En raison de la progression du COVID-19, nous avons pris la décision d’annuler le Bol d’Or Mirabaud 2020, qui devait se tenir les 13 et 14 juin prochains. Après évaluation des différentes possibilités pour maintenir ou reporter l’événement, et au vu de la situation sanitaire actuelle, le Comité d’organisation a dû se résoudre à cette évidence. Dans de telles conditions, l’heure n’est pas à la navigation et encore moins aux réjouissances. L’objectif du Comité d’organisation est de maintenir le BOM tel qu’il a été pensé jusqu’à ce jour et apprécié des concurrents et du public : une grande fête populaire sur et autour du lac. C’est pourquoi la prochaine édition se tiendra l’an prochain, du 11 au 13 juin 2021.

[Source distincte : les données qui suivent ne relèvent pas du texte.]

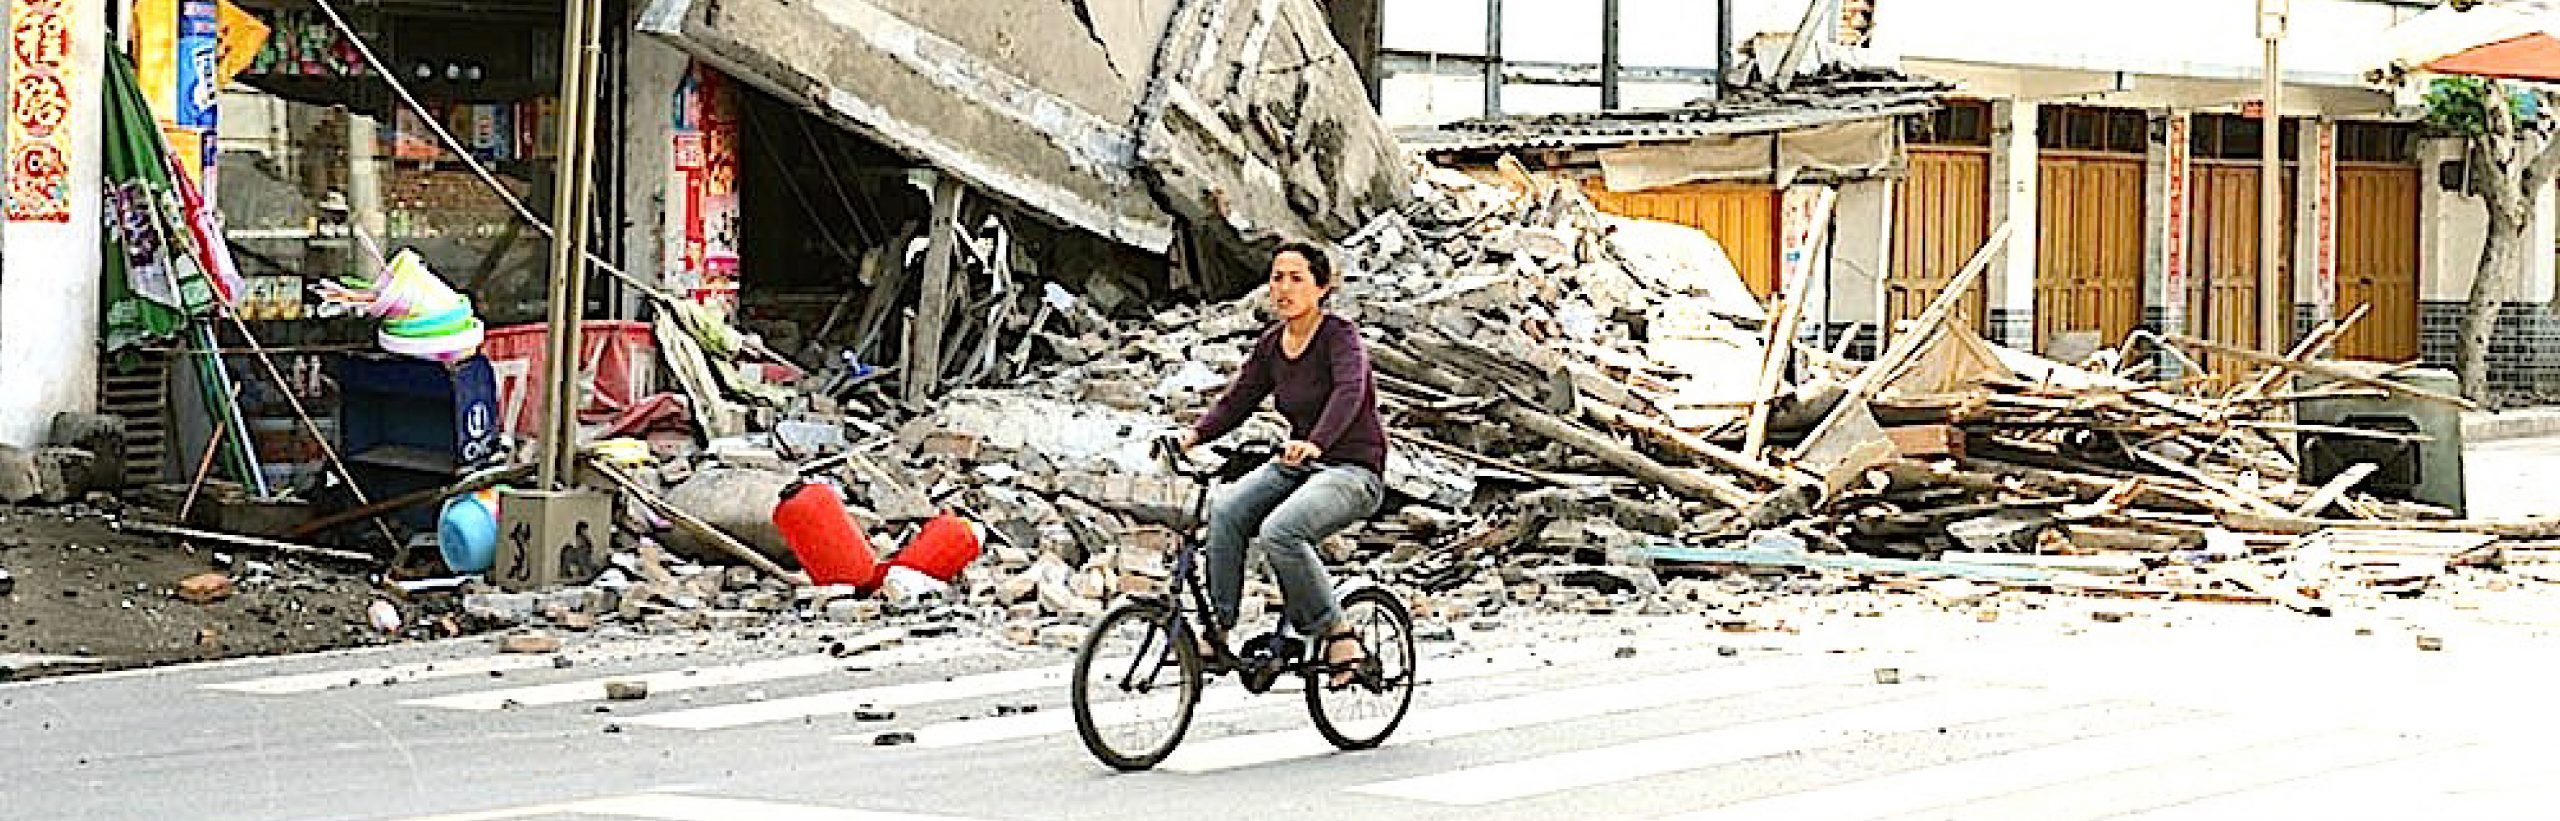 Woman riding a bike through the debris of a collapsed building

« Le maintien à la date prévue du 13 juin 2020 est désormais impensable, vu la prolongation attendue de la crise sanitaire, de ses effets socio-économiques et des difficultés organisationnelles majeures qui en découlent », explique le président du Comité d’organisation, Rodolphe Gautier. « La possibilité d’un report de la manifestation a évidemment été étudiée, mais elle a dû être écartée. En effet, le seul week-end envisageable pour réunir tous les ingrédients nécessaires à la réussite de la 82ème édition était celui du 25-26 septembre. Nous craignons que cette date ne soit trop tard dans la saison, car les jours sont bien plus courts et les nuits plus fraîches, avec par ailleurs un embouteillage d’événements prévisible. »

Le Comité d’organisation et la Société Nautique de Genève marqueront leur soutien aux Hôpitaux universitaires de Genève (HUG) par un don solidaire au Fonds spécial COVID-19 récemment créé, dont voici le lien à toutes fins utiles.

« Le Groupe Mirabaud soutient le Comité d’organisation du Bol d’Or Mirabaud dans sa décision d’annuler l’édition 2020 », partage Nicolas Mirabaud, Associé gérant du Groupe Mirabaud. « Durant une telle période d’incertitude, il est important de redéfinir les priorités. La fête du lac est un moment que nous attendons chaque année avec impatience, mais aujourd’hui, nous devons nous concentrer sur les choses essentielles que sont la sécurité et la santé des marins, des employés, du staff, des clients et de nos fournisseurs. Nous imaginons bien la déception que cela va engendrer, mais nous pouvons déjà confirmer que Mirabaud sera aux côtés du Comité d’organisation en 2021. Nous reviendrons encore plus fort! Prenez soin de vous et de vos proches. »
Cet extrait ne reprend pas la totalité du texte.